▶ [WHAT THE TASK REQUIRES]
In your copy, leave out the pictures and reproduce the listing below exactly.

▶ [RECORDS FOR THIS EXERCISE]

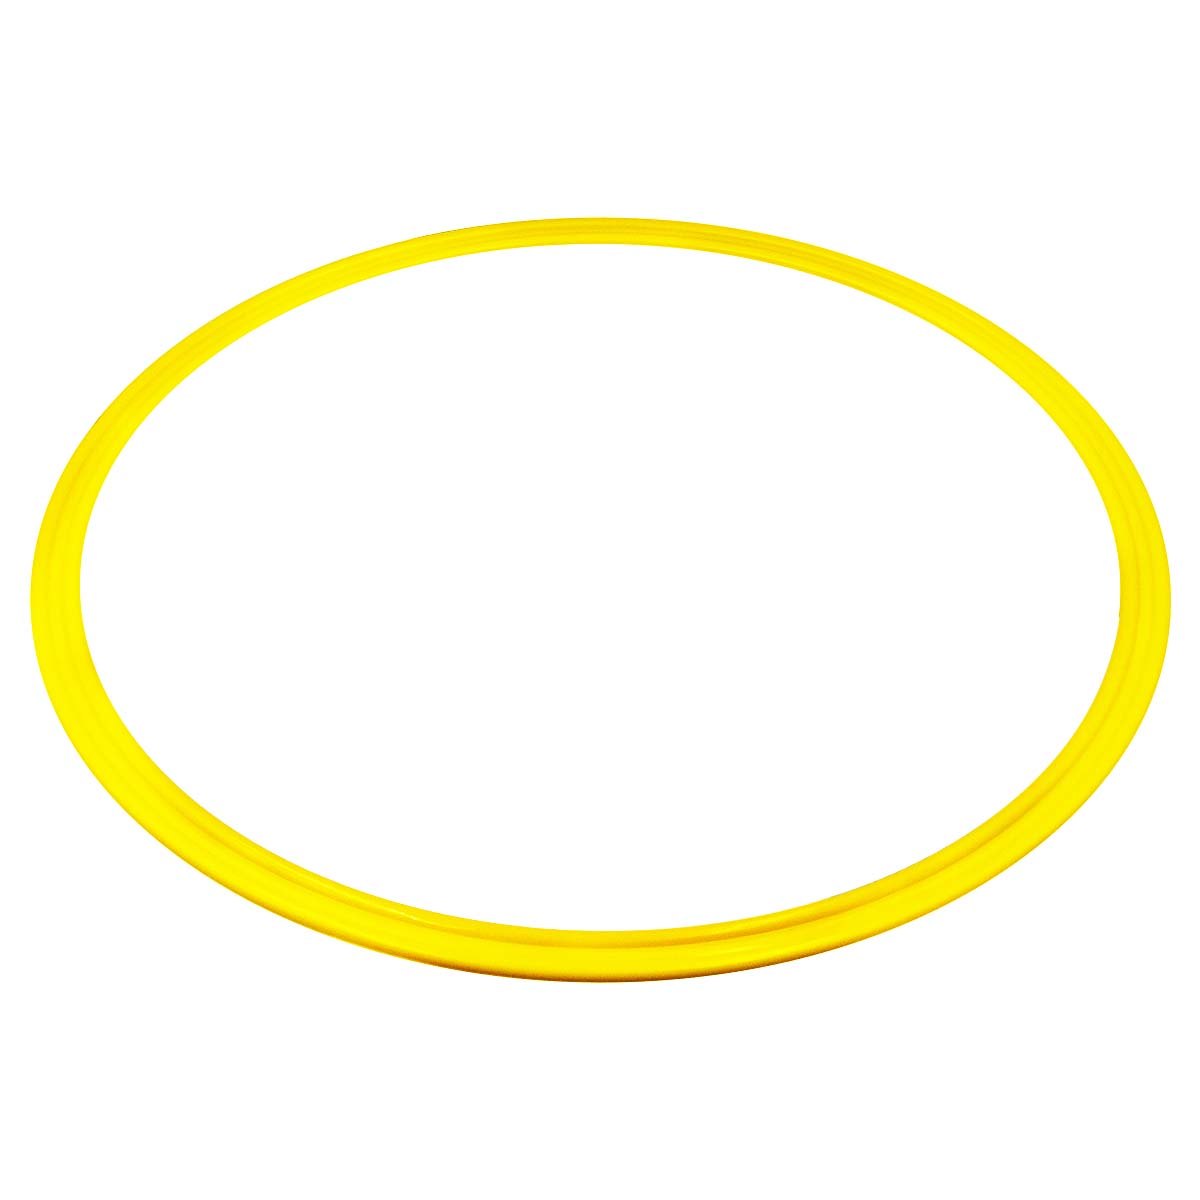 Arco De Agilidade De Plástico Plano Em Pvc Ø 40cm | Amarelo - amarillo - 
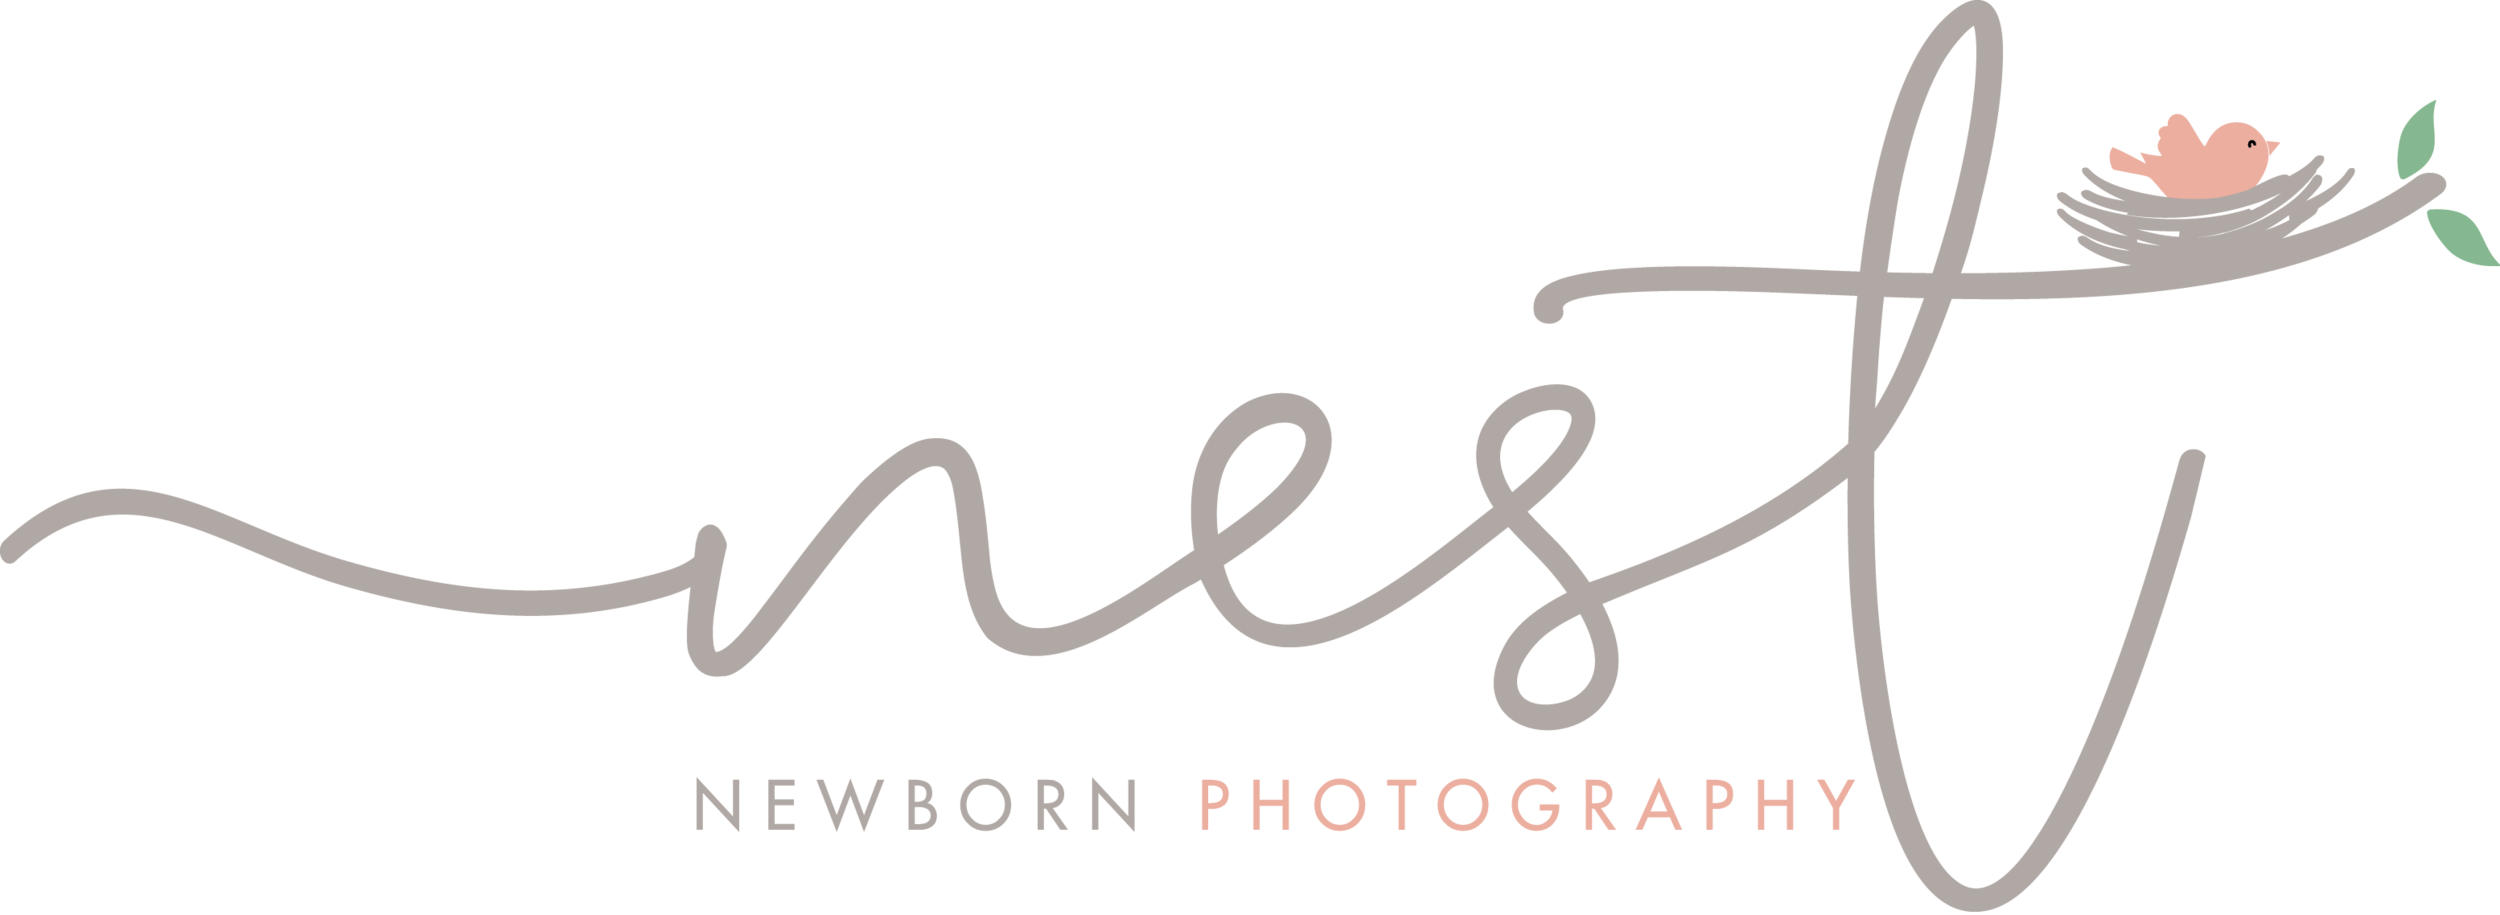 Nest Newborns | Newborn Photography &amp; Maternity Photography Dallas Fort Worth
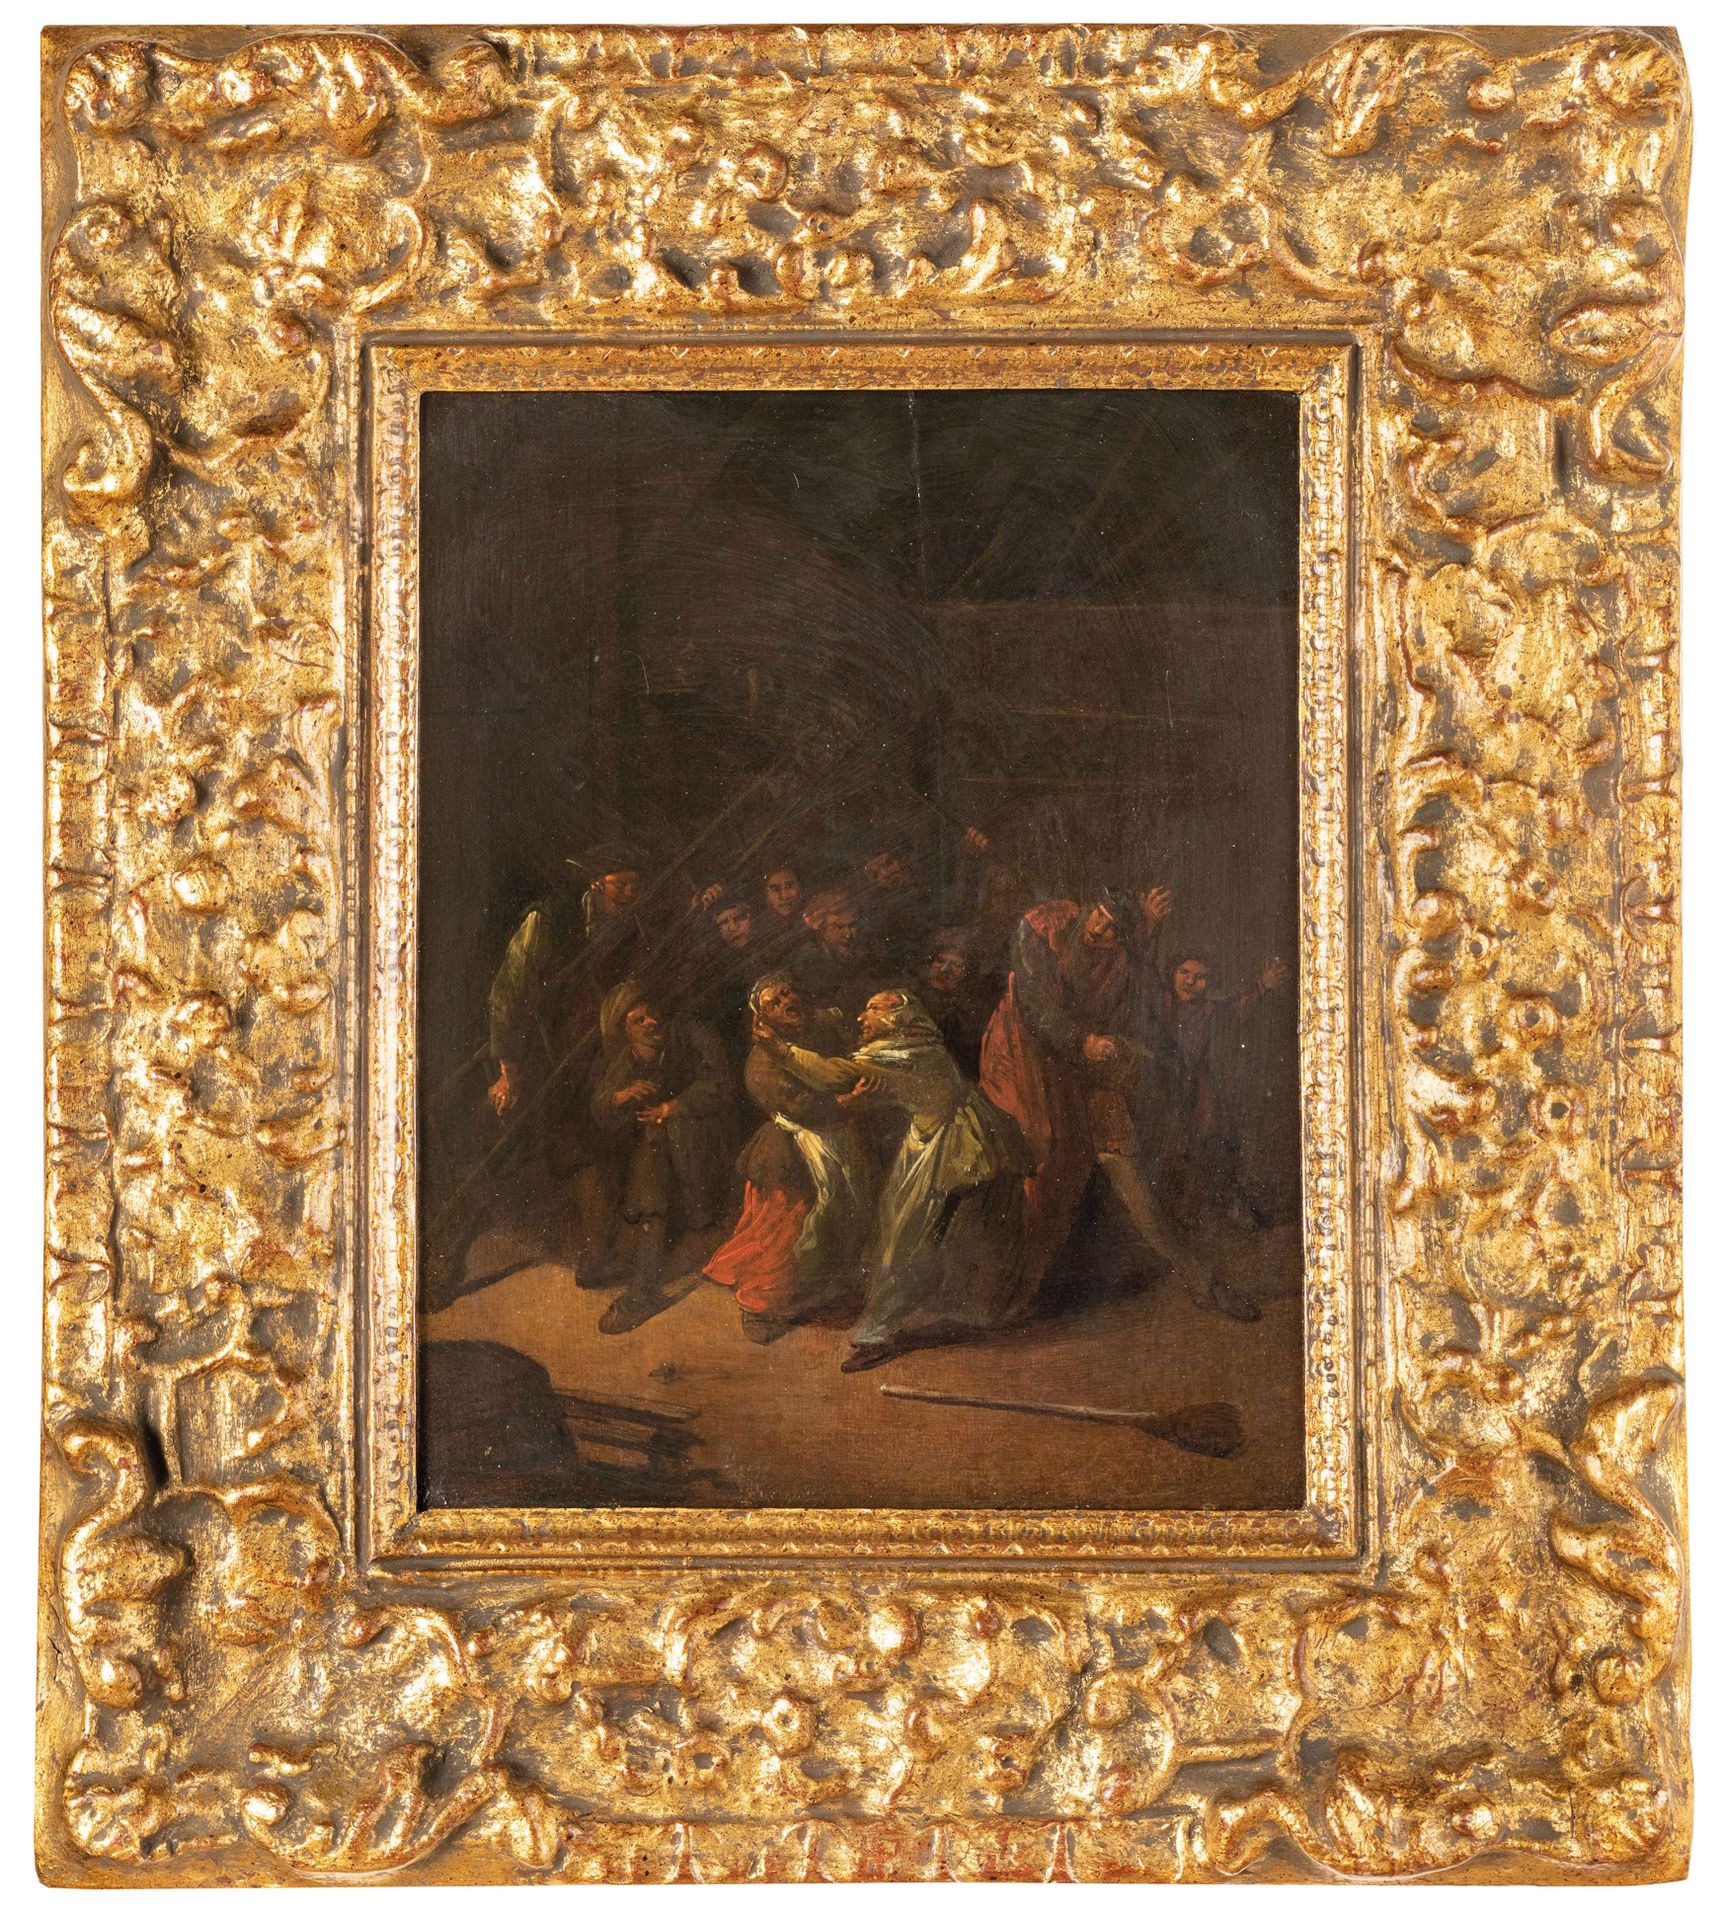 ADRIAEN VAN OSTADE (attr. A) (Haarlem, 1610 - 1685)
酒馆争吵
面板油画，33X27厘米

这幅作品在风格上与&hellip;

▶ [RESPONSE AREA]
 Arco De Agilidade De Plástico Plano Em Pvc Ø 40cm | Amarelo - amarillo - 
 Nest Newborns | Newborn Photography &amp; Maternity Photography Dallas Fort Worth
 ADRIAEN VAN OSTADE (attr. A) (Haarlem, 1610 - 1685)
酒馆争吵
面板油画，33X27厘米

这幅作品在风格上与&hellip;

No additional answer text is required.